Опять вопросы. Привычный сворот в тупик. Неотвеченность, невозвращенность, недорожденность мысли в вопросах, следующих один за другим, — та же свалка, замусоренность «пространства», та же экология думания, расстроенность его и бесплодность. Где, как в материальном пространстве, следует остановиться и вернуть утерянную опорность, прежде чем двигаться дальше.
Опорность при падении… что это за опорность? И может ли она быть вне человека? Все задачки сводятся к одному, утыкаются в один угол…
Человек, надо полагать, задуман как совершенный инструмент. И разум его был дан только в соединении с душой, в пропускании через душу, как через крещение, всякого рожденного замысла, в приготовлении предстоящего действия для омытой цели. Разум предлагает, душа отбирает и направляет разум. Те чудные, грустные и ликующие звуки, которыми способен звучать человек в страдании и радости, изливаются из его души; там струны, там и смычок, там небесное дуновение и водит этим смычком. И человек, сознательно или бессознательно потерявший душу, теряет и себя, он уже не человек, а только подобие человека, как в человеке он был подобием Божиим, то есть падает сразу на ступень, для которой потребовались большие тысячи лет. Без души за свои действия он отвечать не может; он расчеловечен, невменяем и готов на все. Эти самопотерянность, самоотступничество и самообман (будто ничего плохого не происходит) при скоплении большой человеческой массы, всегда готовой к возгоранию прежде всего от затаенного недовольства каждого собой, от неминуемого саморазложения, — при скоплении большой человеческой массы почти естественно приводят к взрыву. Бессмысленно, как мы это постоянно делаем, обращаться в таких случаях к разуму. Безумие происходит не от недостатка разума, не оттого, что разум, как вождь или царь, «не в курсе», а оттирании вышедшего из-под контроля, переродившегося, злокачественно разбухшего «разума», того, что от него без души осталось.
Цивилизацию XIX века с ее свободами, законами, экономикой, финансами и политикой, с ее безнравственностью и обезбоженностью русская литература (громче всех — В. Розанов) назвала «кабаком». Постоянное пребывание в кабаке, где все подчинено «праву» кабака, даром не проходит. В XIX веке еще не был придуман всесветный рупор всесветного кабака — телевидение, литература не нанялась зазывалой в кабак, предлагая срамные картинки, не ударили по ушам и мозгам с неслыханным грохотом тысячи тысяч расплодившихся «битлзов», этих громобоев «культуры», чьи руки и умы освободили от труда машины; тогда еще человечество не сковано было страхом от «мирного» и «военного» атома, «звезды» кино- и телеслучек не избирались с восторгом в парламент, восьмилетние девочки еще не рожали и далеко оставалось до СПИДа, порождения кабака и одновременно справедливого возмездия за кабак, плода какой-то особенно отвратительной любви, которую, должно быть, не стерпел даже сам дьявол.
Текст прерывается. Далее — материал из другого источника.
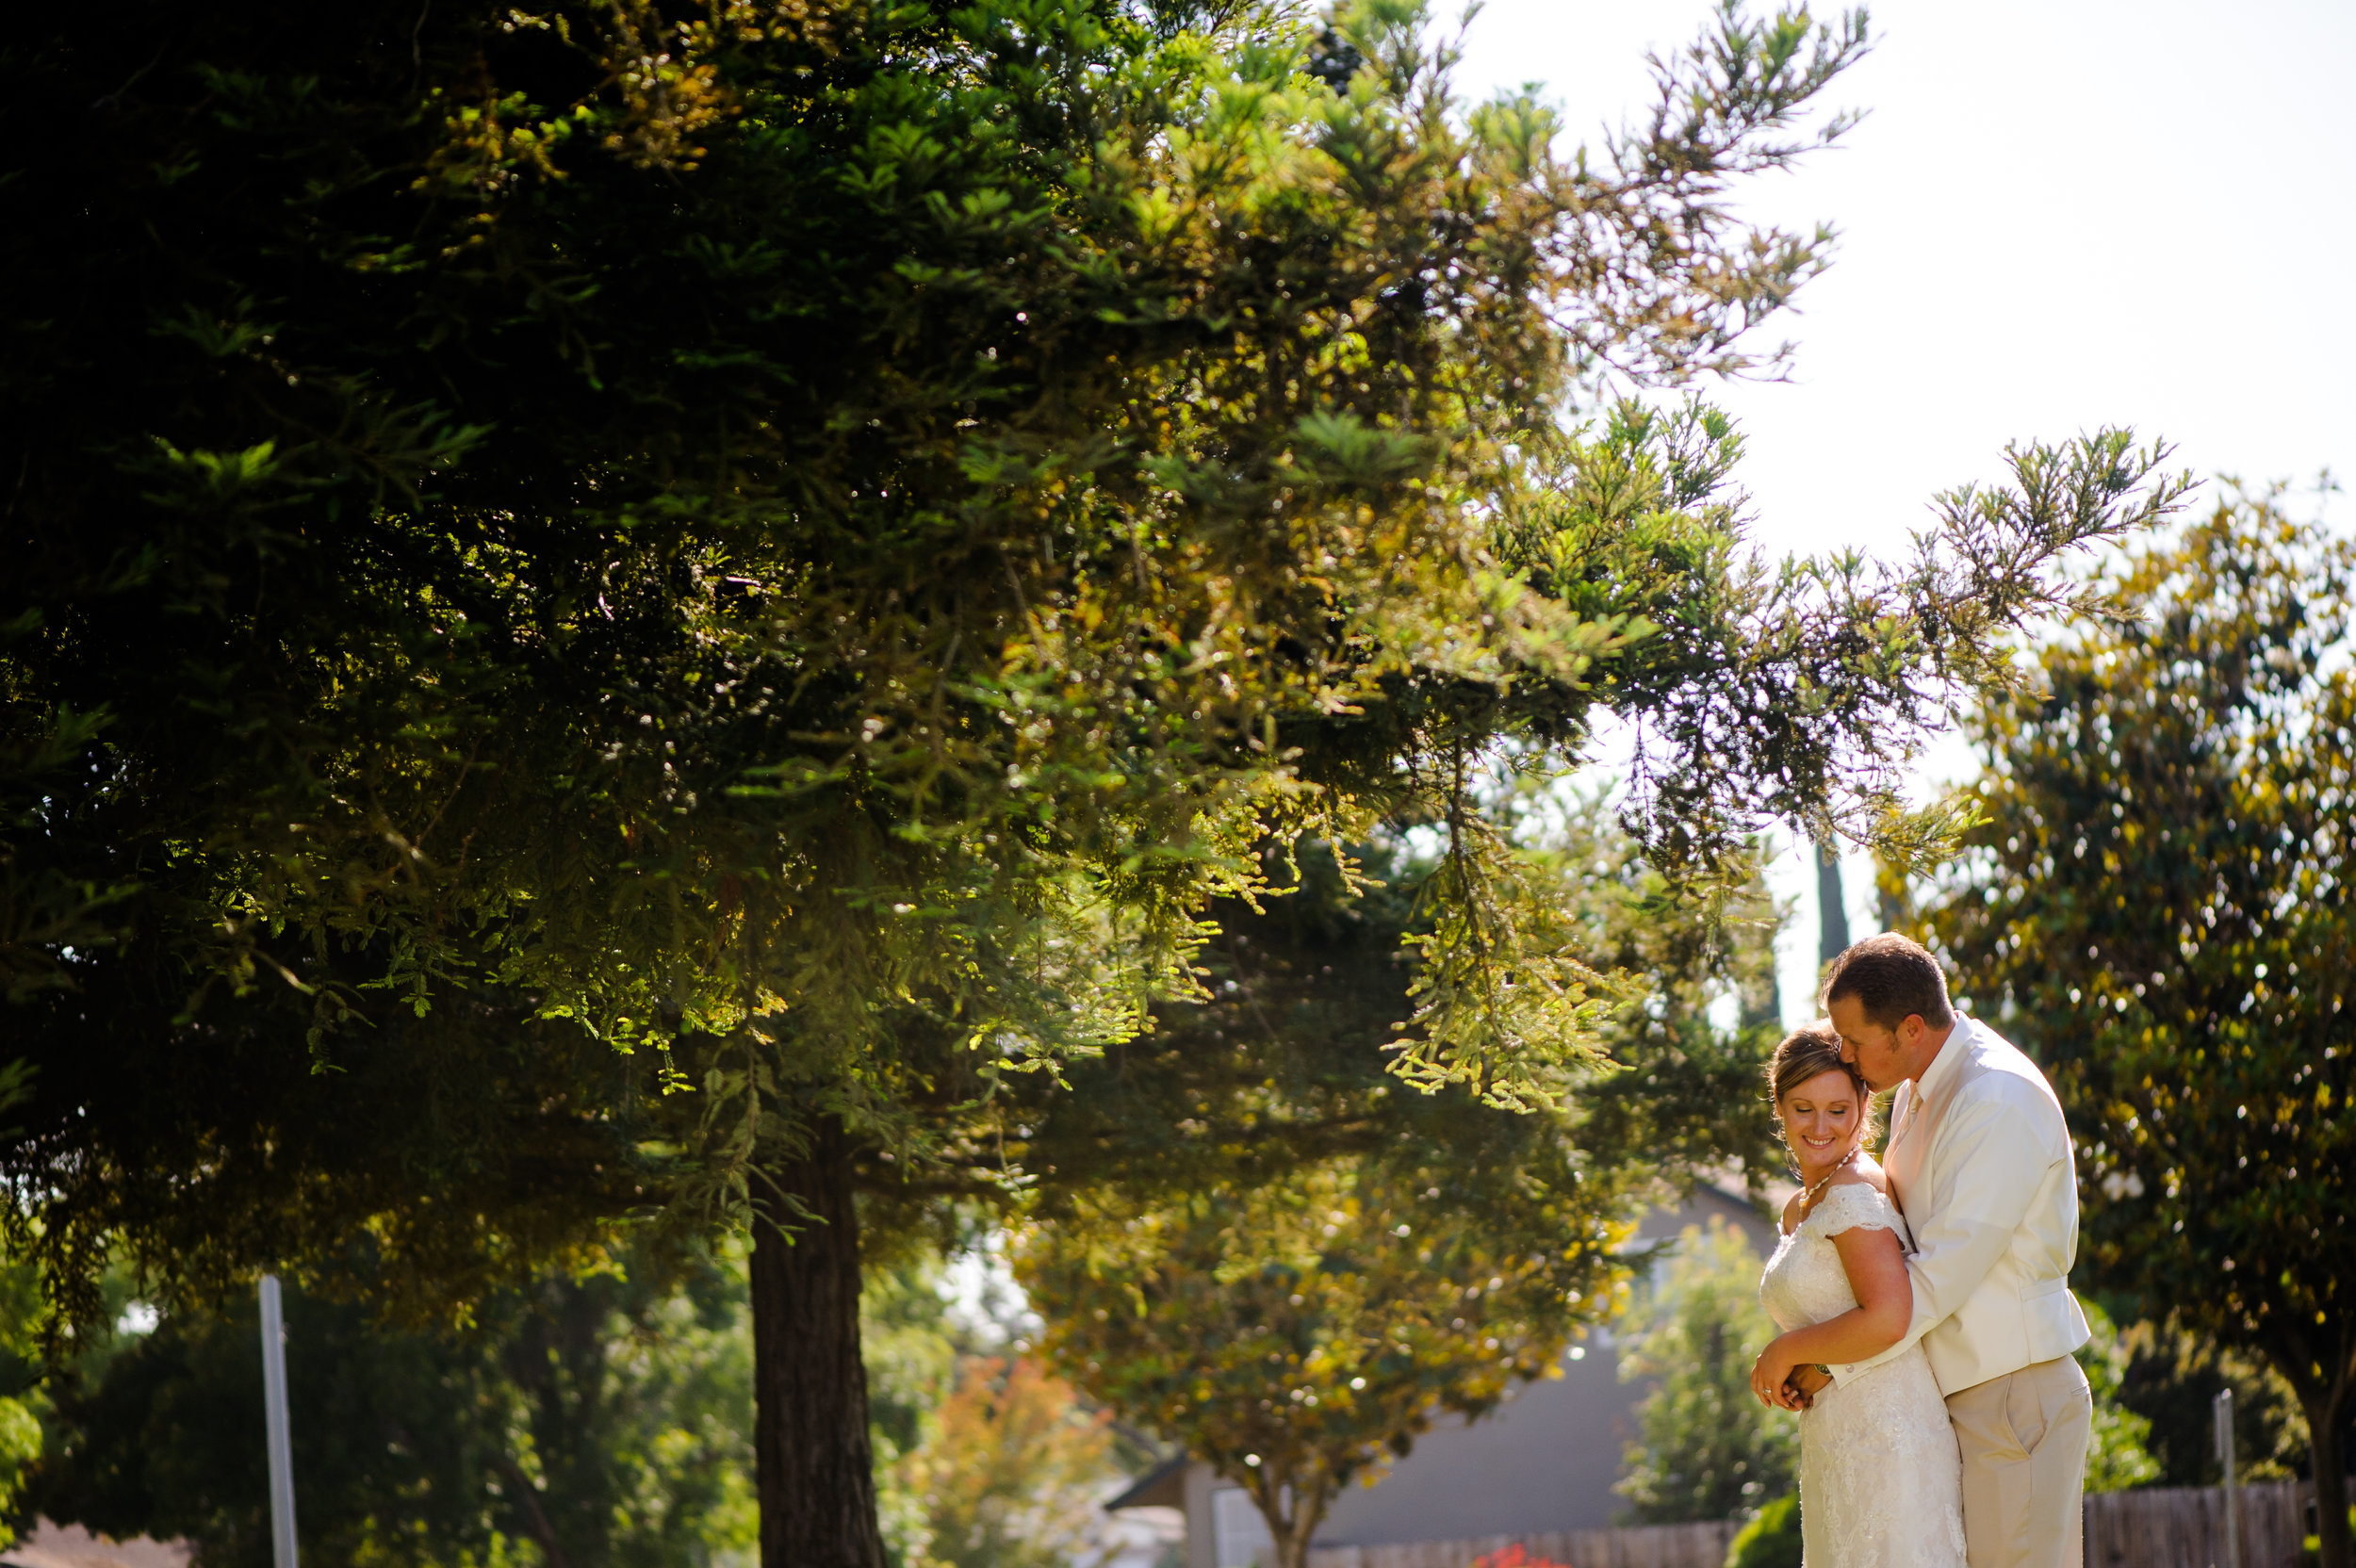 danielle-ross-025-sacramento-wedding-photographer-katherine-nicole-photography.JPG

Тогда еще многого не было, да и «кабак» конца прошлого столетия с высоты сегодняшнего кабака кажется захолустным «монастырем», где плохо придерживались общежительного устава. Но видна была, как говорится, «тенденция», взятое цивилизацией направление, которое и привело к настоящему, повальному, «вальпургиеву» кабаку и пошло дальше, в задние комнаты кабака, в кабак кабака, принявшись по образцу последнего устраивать мир.